[[ INFORMATION SUPPLIED open ]]

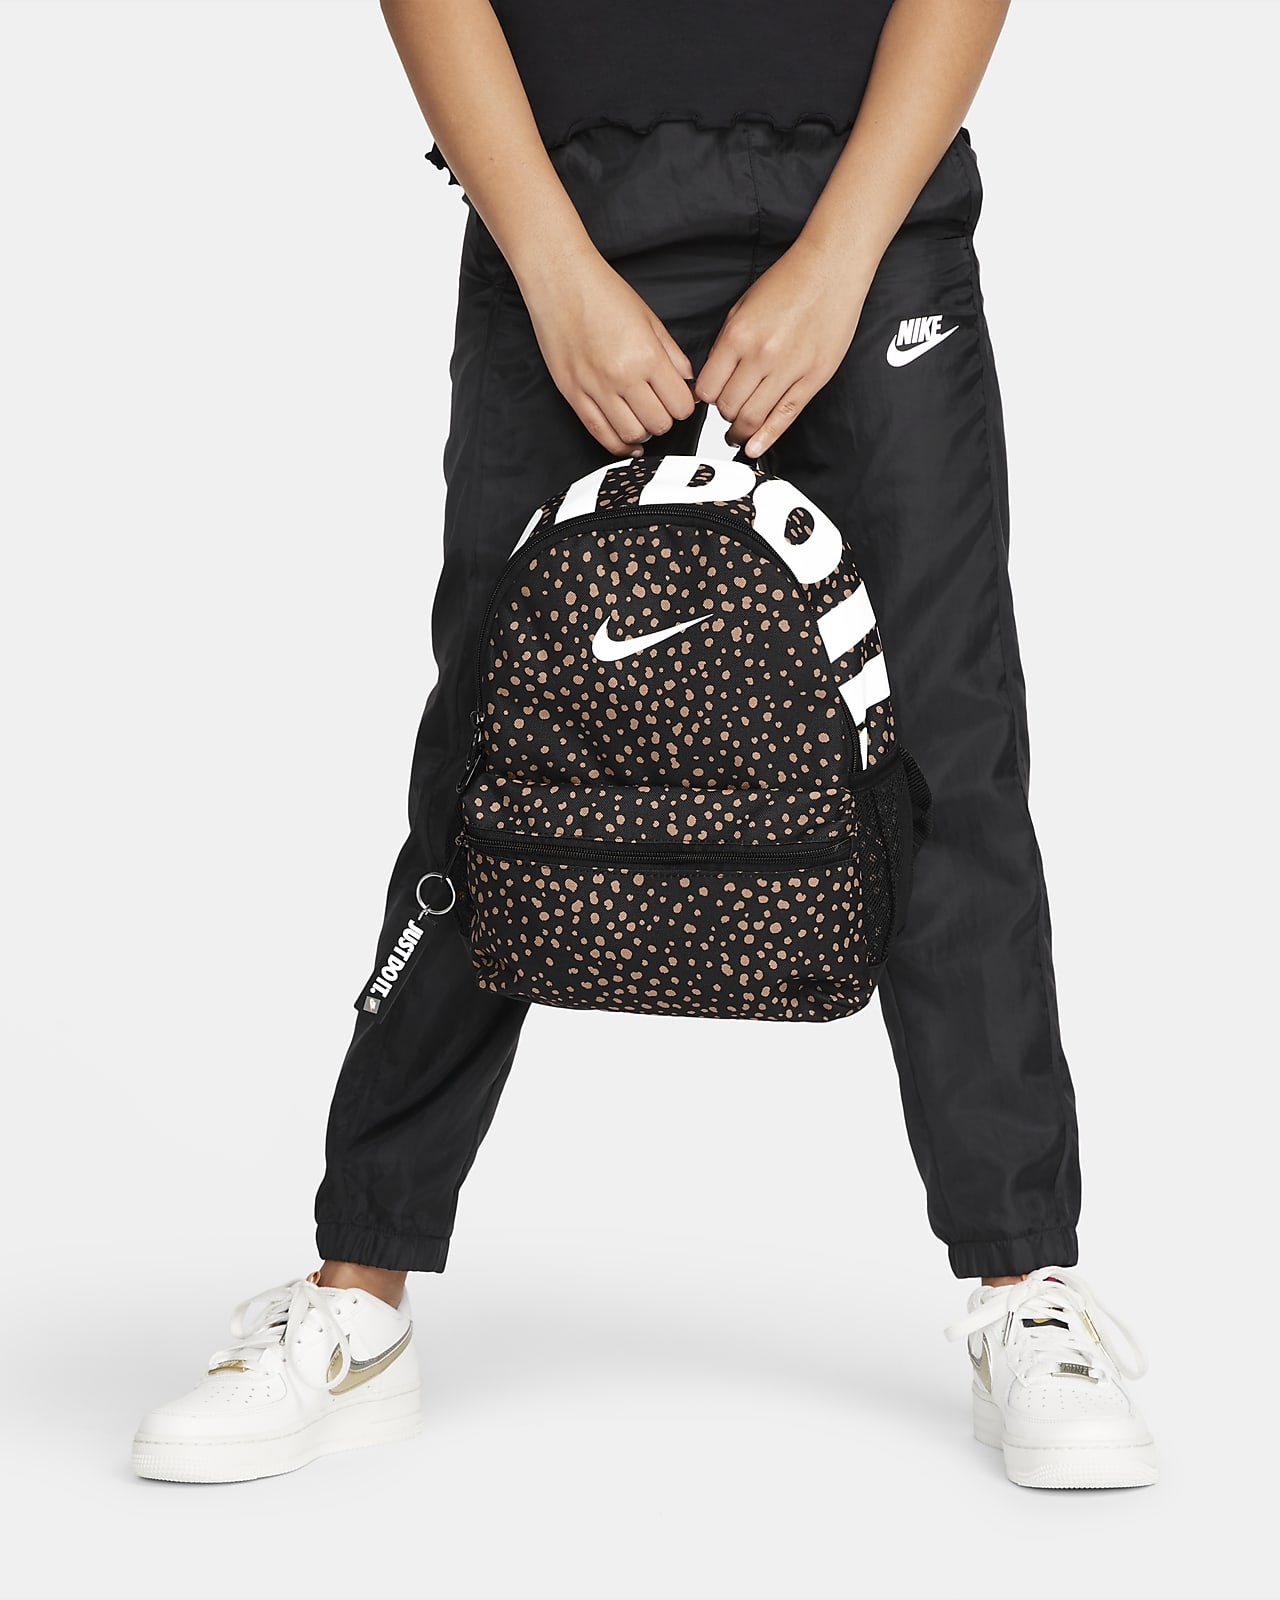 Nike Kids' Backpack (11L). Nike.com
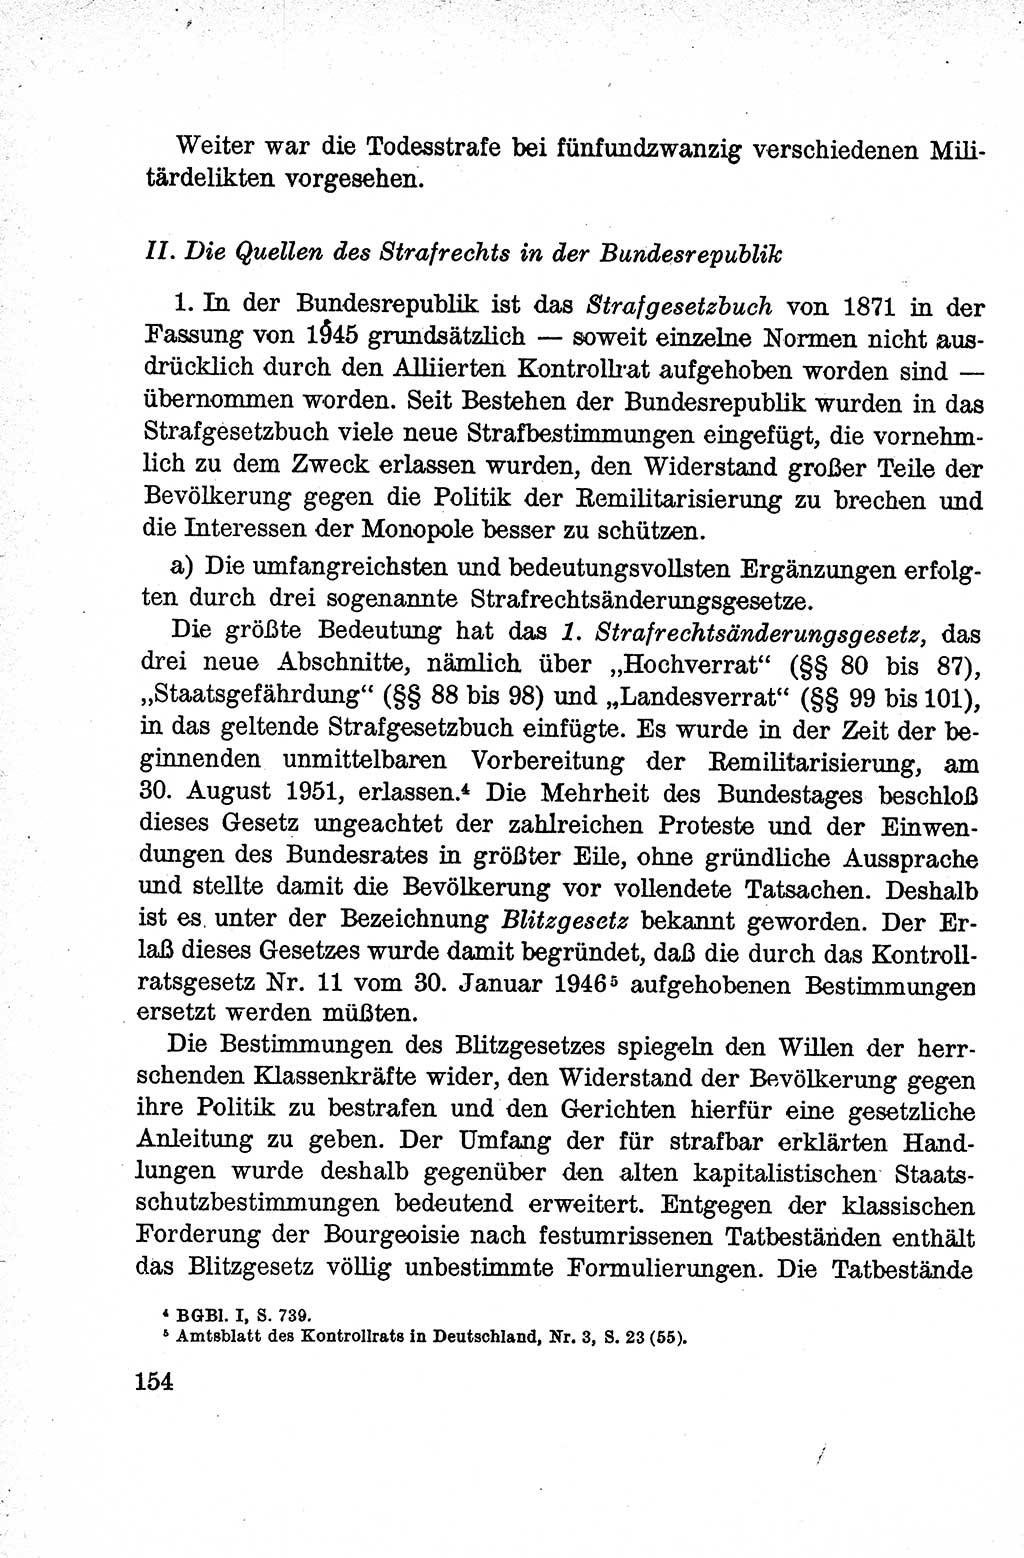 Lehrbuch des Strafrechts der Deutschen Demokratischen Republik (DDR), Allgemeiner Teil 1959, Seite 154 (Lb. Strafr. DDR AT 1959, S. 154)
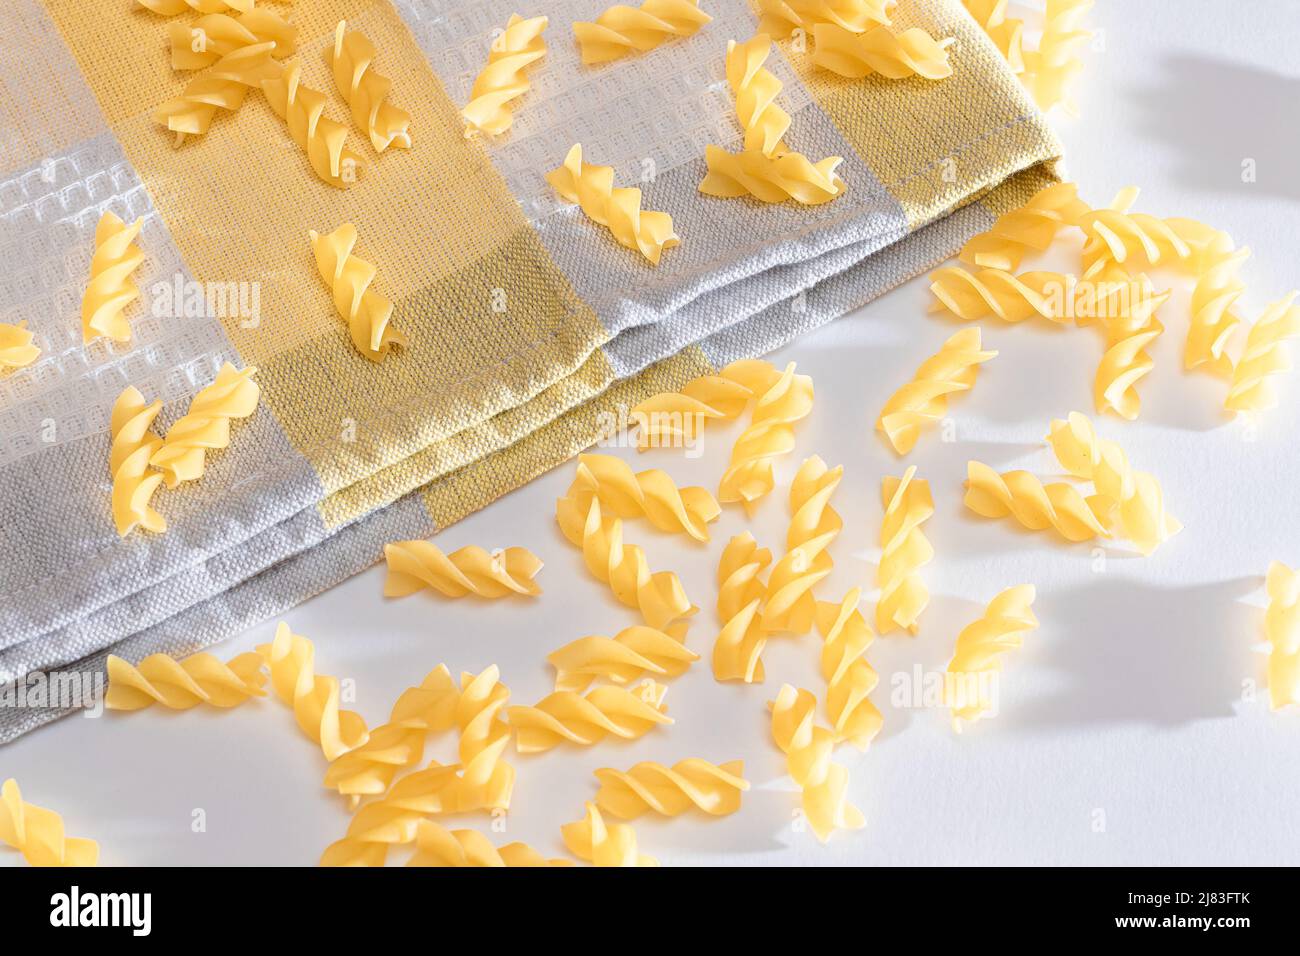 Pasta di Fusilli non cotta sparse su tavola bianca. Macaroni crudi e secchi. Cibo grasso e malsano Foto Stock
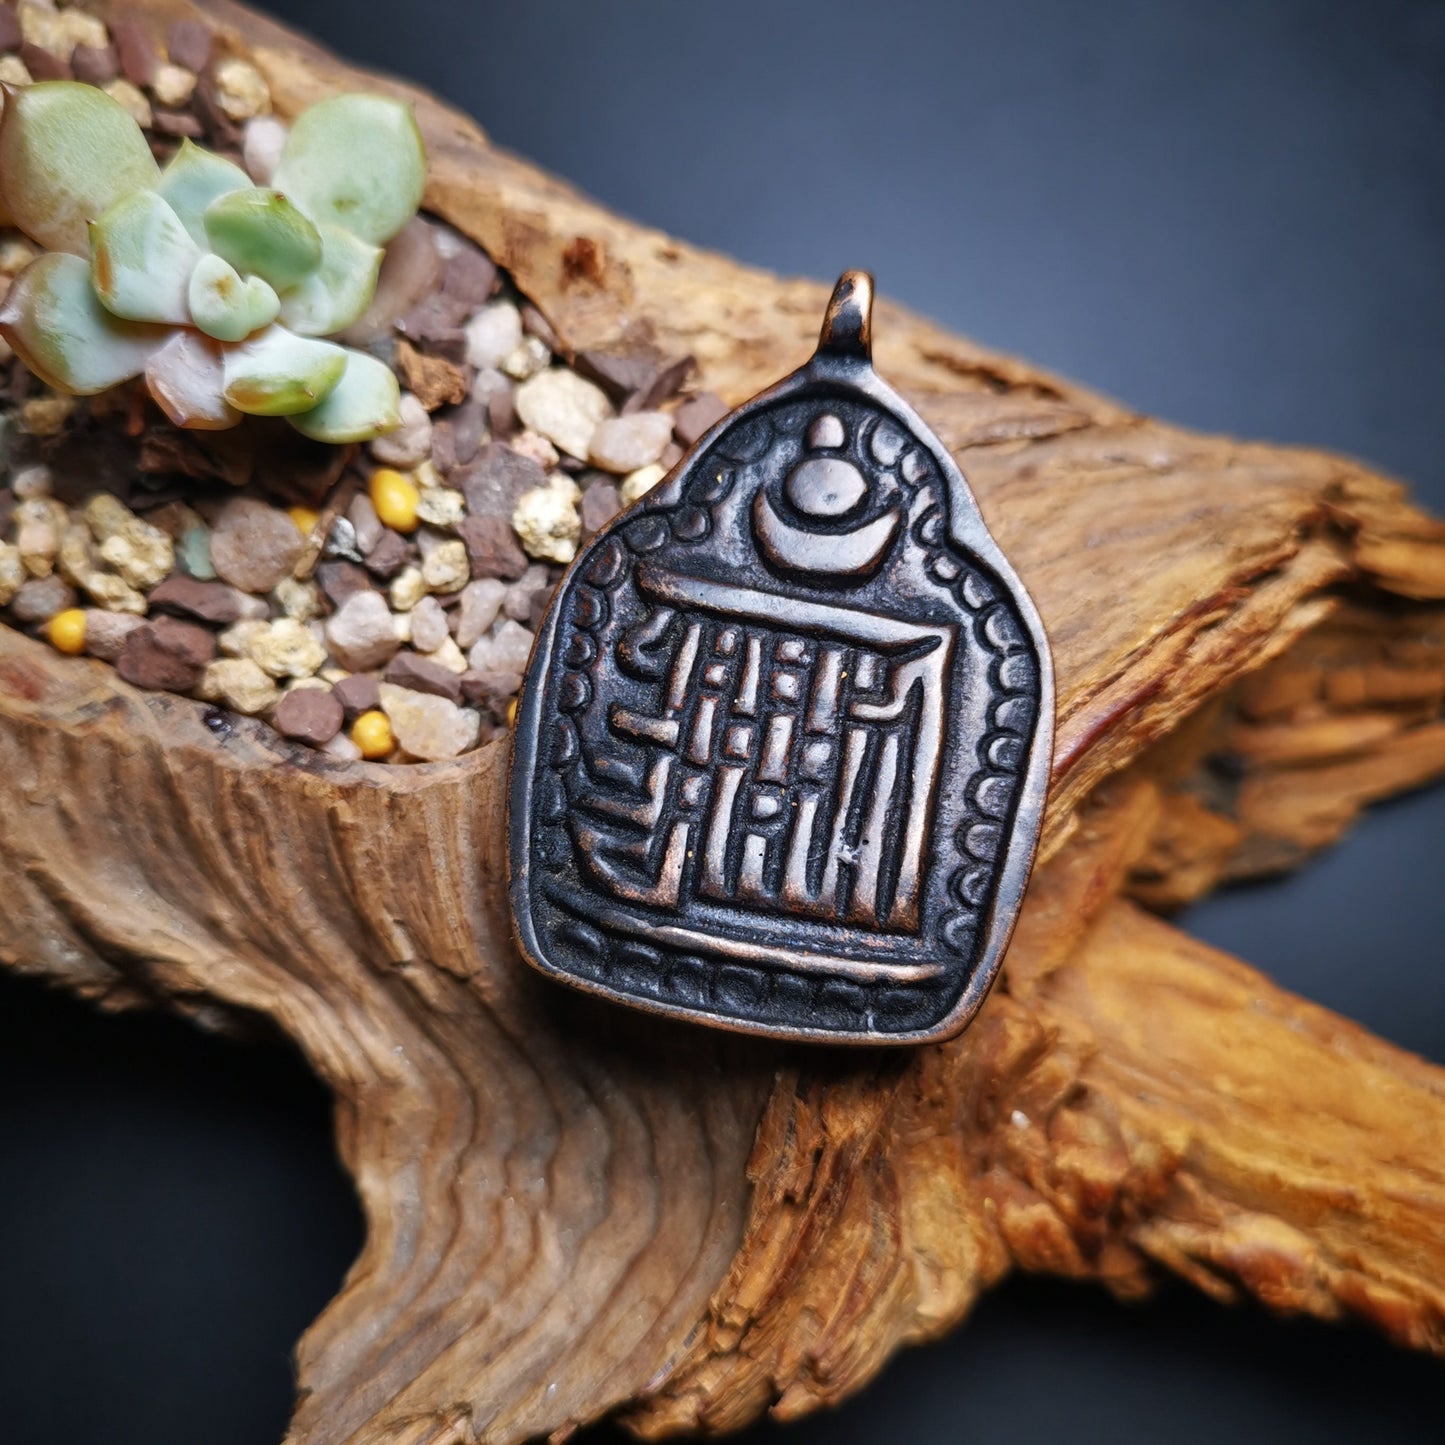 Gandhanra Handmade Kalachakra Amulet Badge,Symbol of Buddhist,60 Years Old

[[ INFORMATION SUPPLIED closed ]]

**TASK DESCRIPTION:** Line by line, write out the data above exactly, without the pictures.

**EXERCISE SOLUTION:**
 Nike Kids' Backpack (11L). Nike.com
 Lehrbuch des Strafrechts der Deutschen Demokratischen Republik (DDR), Allgemeiner Teil 1959, Seite 154 (Lb. Strafr. DDR AT 1959, S. 154)
 Pasta di Fusilli non cotta sparse su tavola bianca. Macaroni crudi e secchi. Cibo grasso e malsano Foto Stock
 Gandhanra Handmade Kalachakra Amulet Badge,Symbol of Buddhist,60 Years Old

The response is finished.